WHAT TO WORK ON:
From the line below containing "Precut Jelly Strips-2.5" to the final line, print each line exactly as written. No pictures belong in the copy.

SUPPLIED INFORMATION:
....................

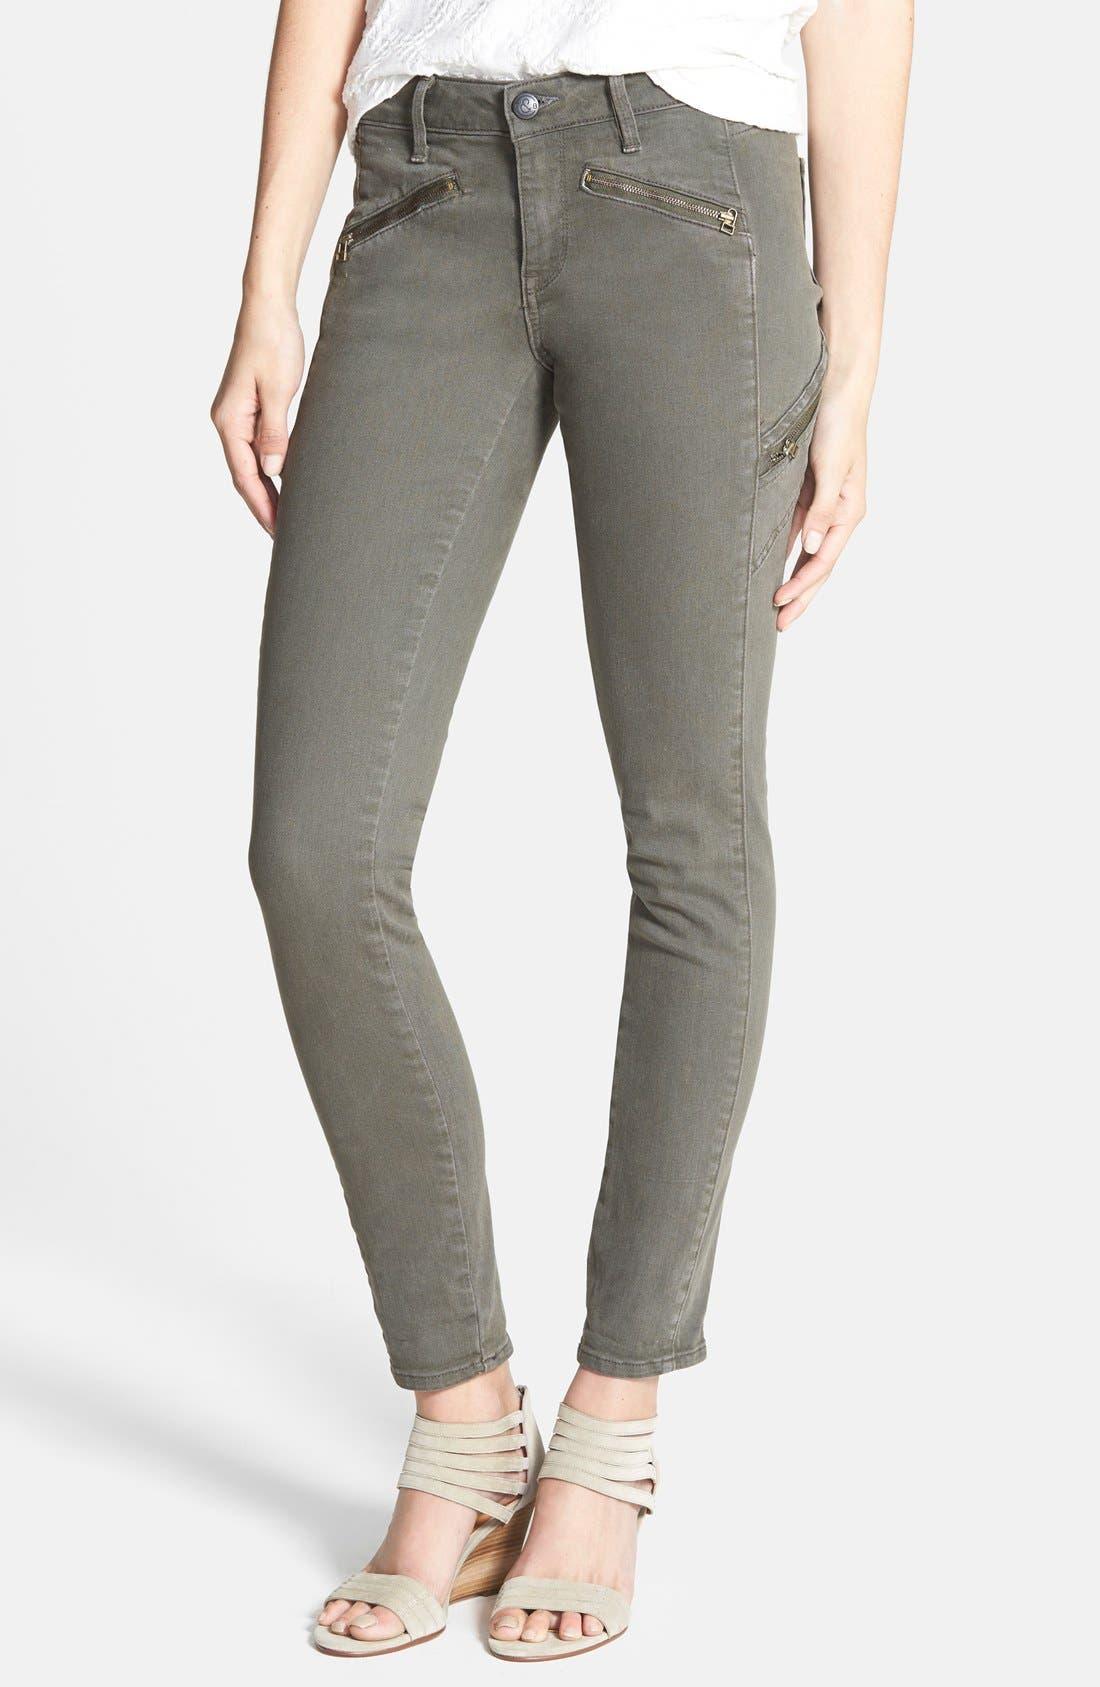 Main Image - Treasure&Bond Zip Skinny Jeans (Olive Tarmac)
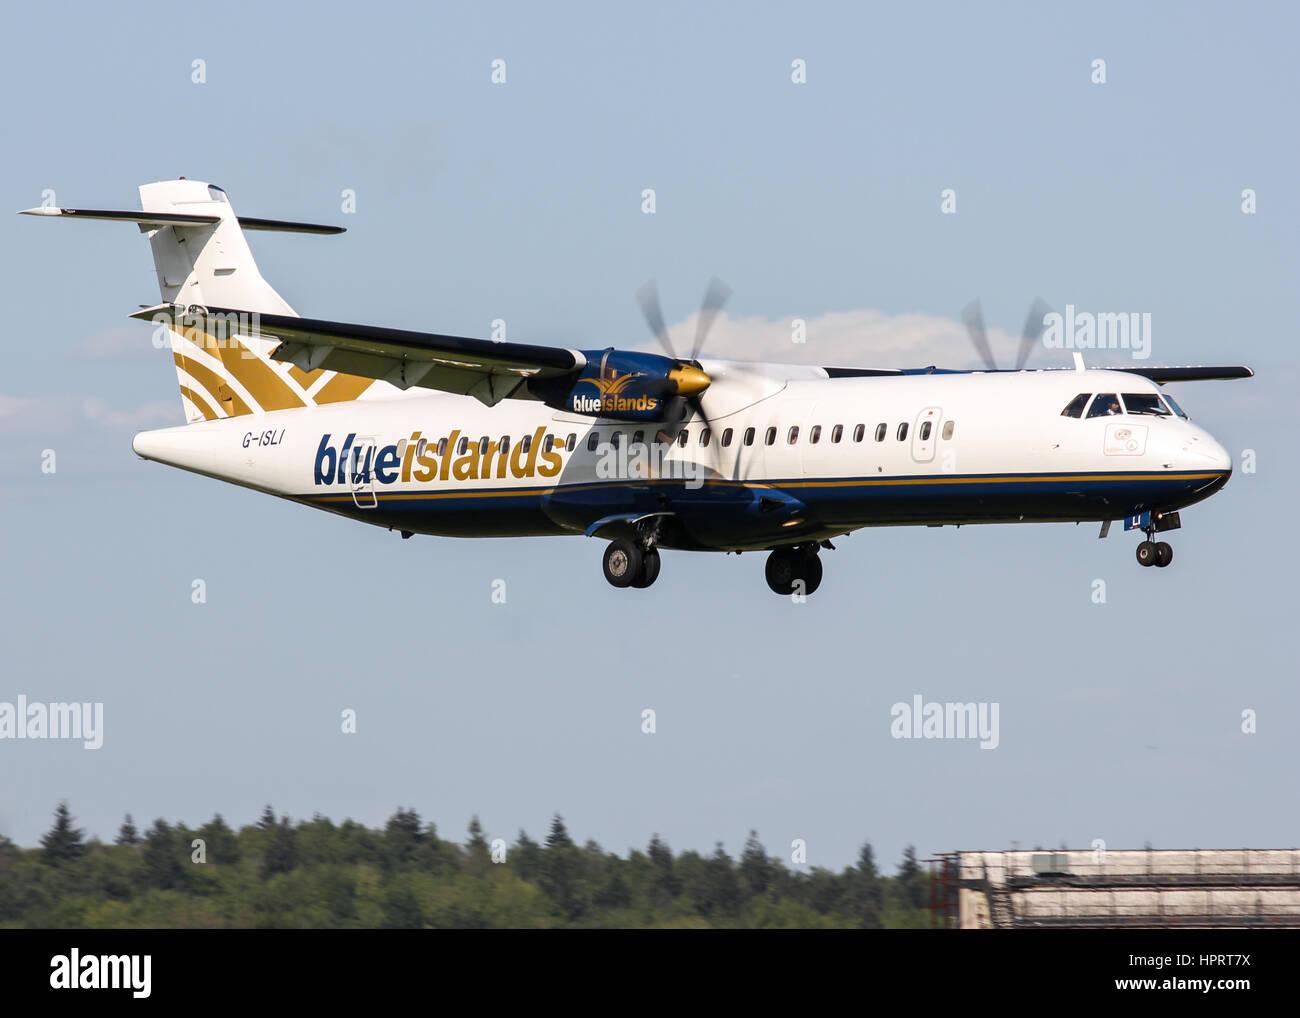 Blue Islands ATR 72-212 G-ISLI landing at Southampton Airport - Stock Image
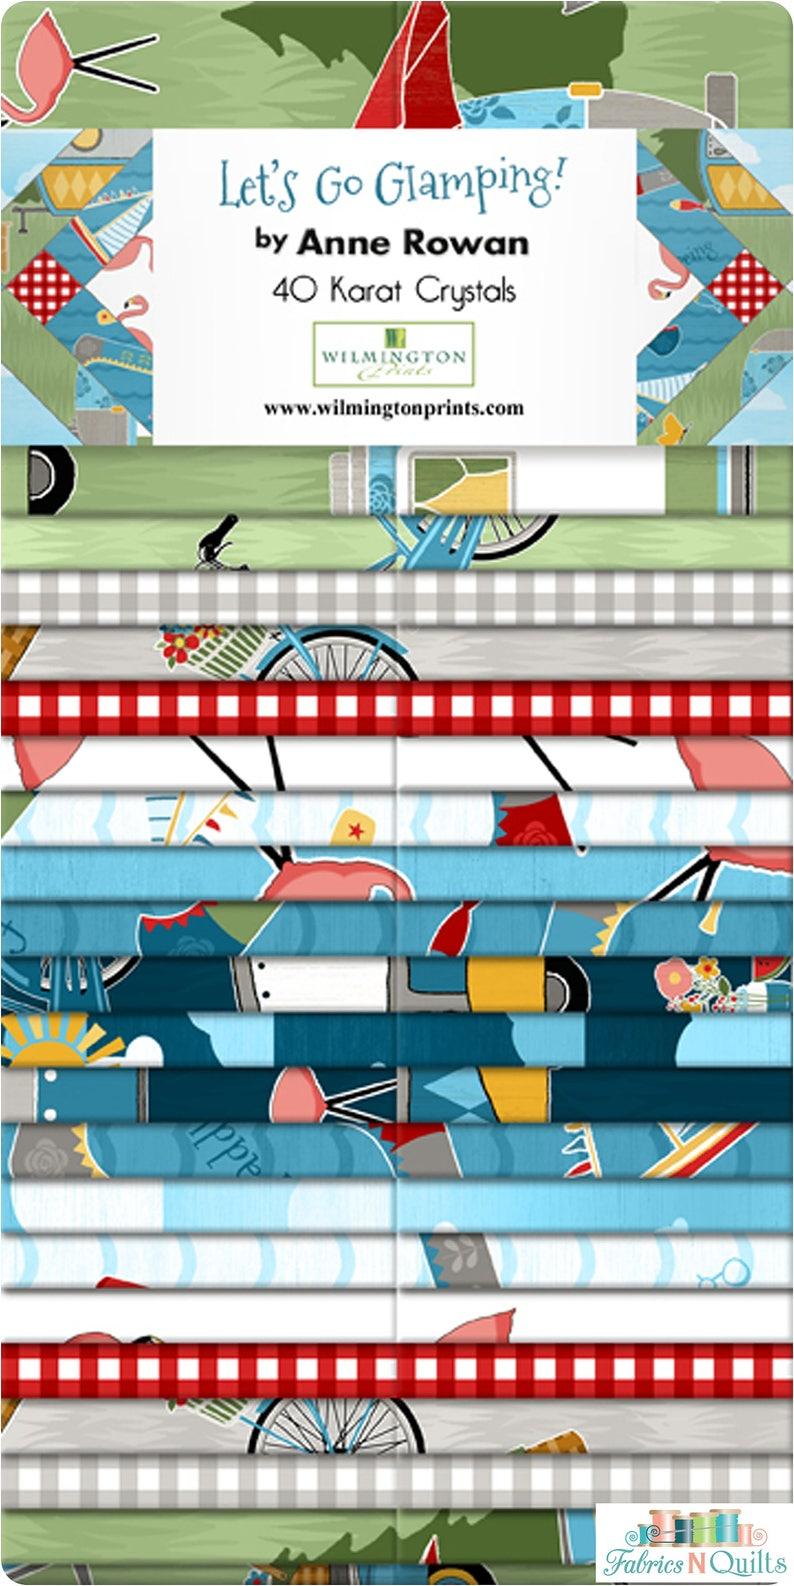 Precut Jelly Strips-2.5 inch Fabric Roll-Lets Go Glamping-Wilminton Prints-Ann Rowan
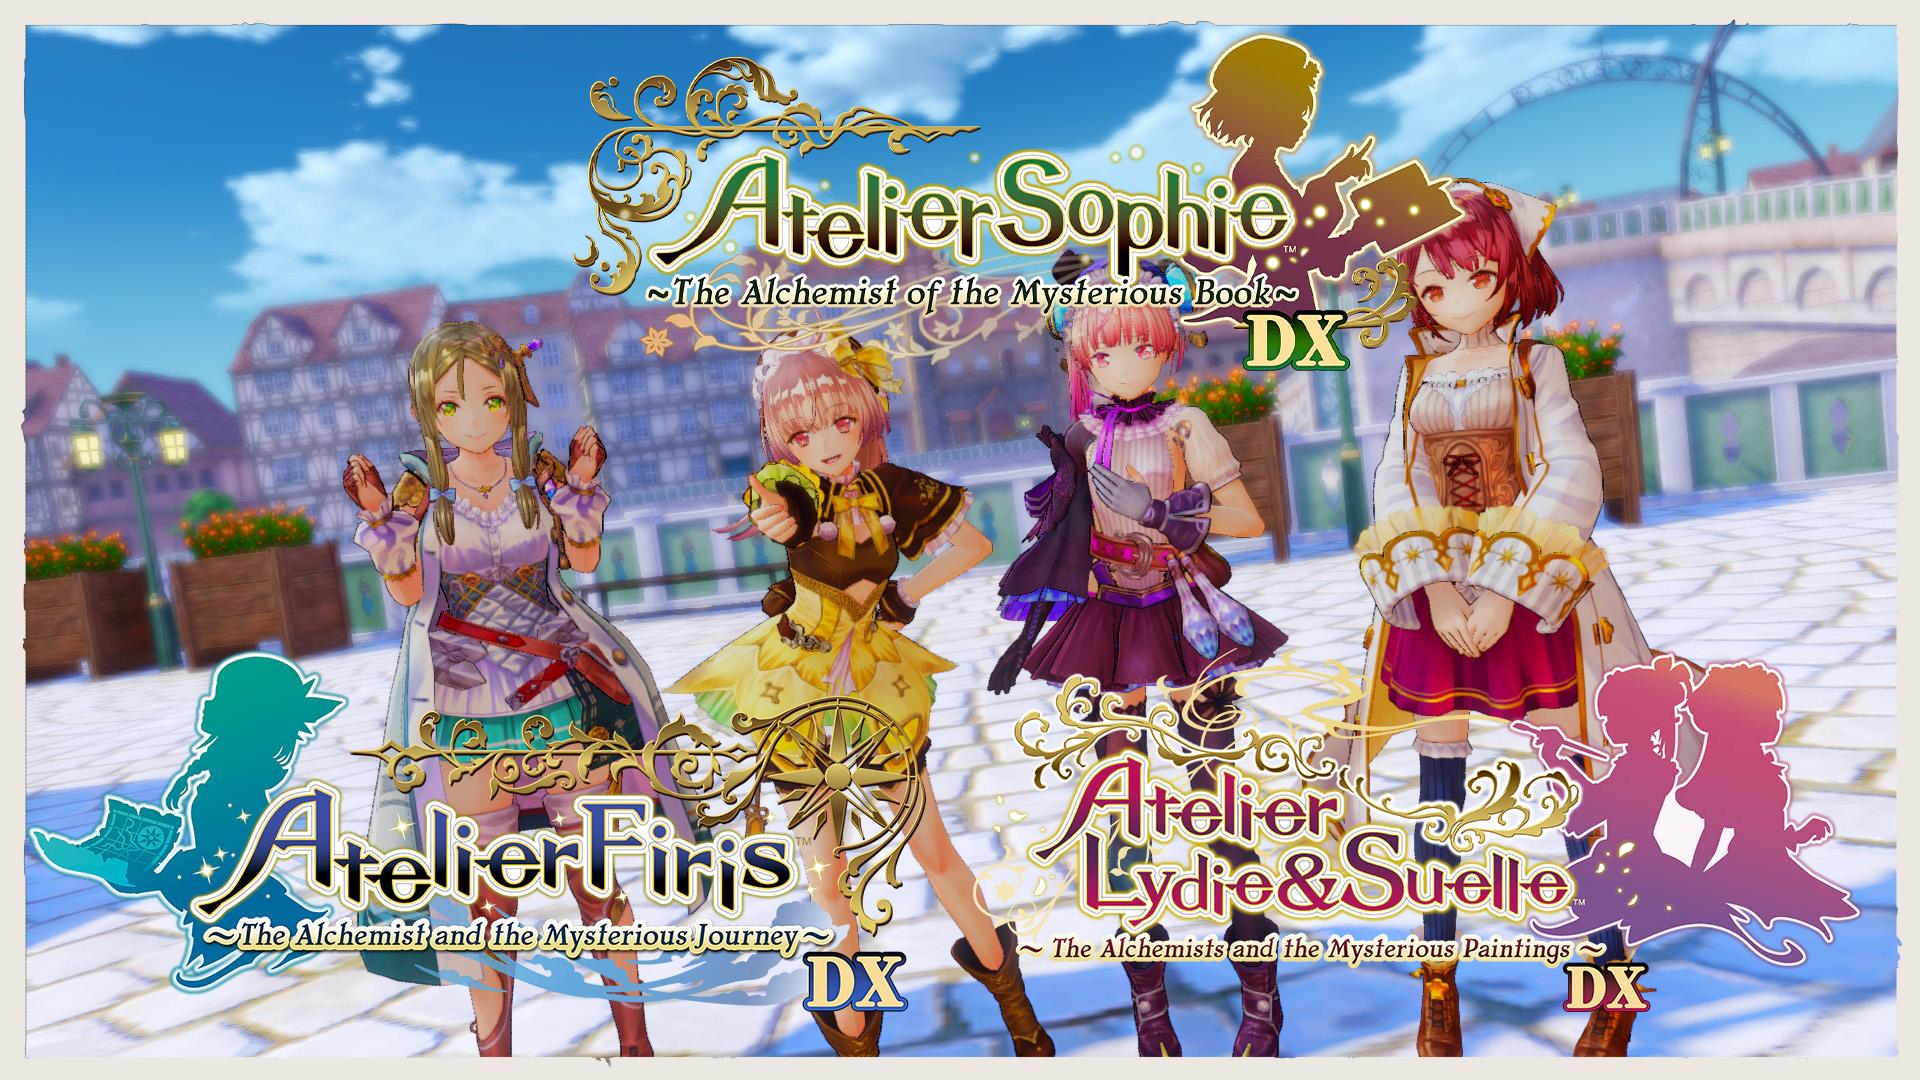 Atelier Mysterious Trilogy Main

....................

COMPLETED TASK:
 Precut Jelly Strips-2.5 inch Fabric Roll-Lets Go Glamping-Wilminton Prints-Ann Rowan
 Atelier Mysterious Trilogy Main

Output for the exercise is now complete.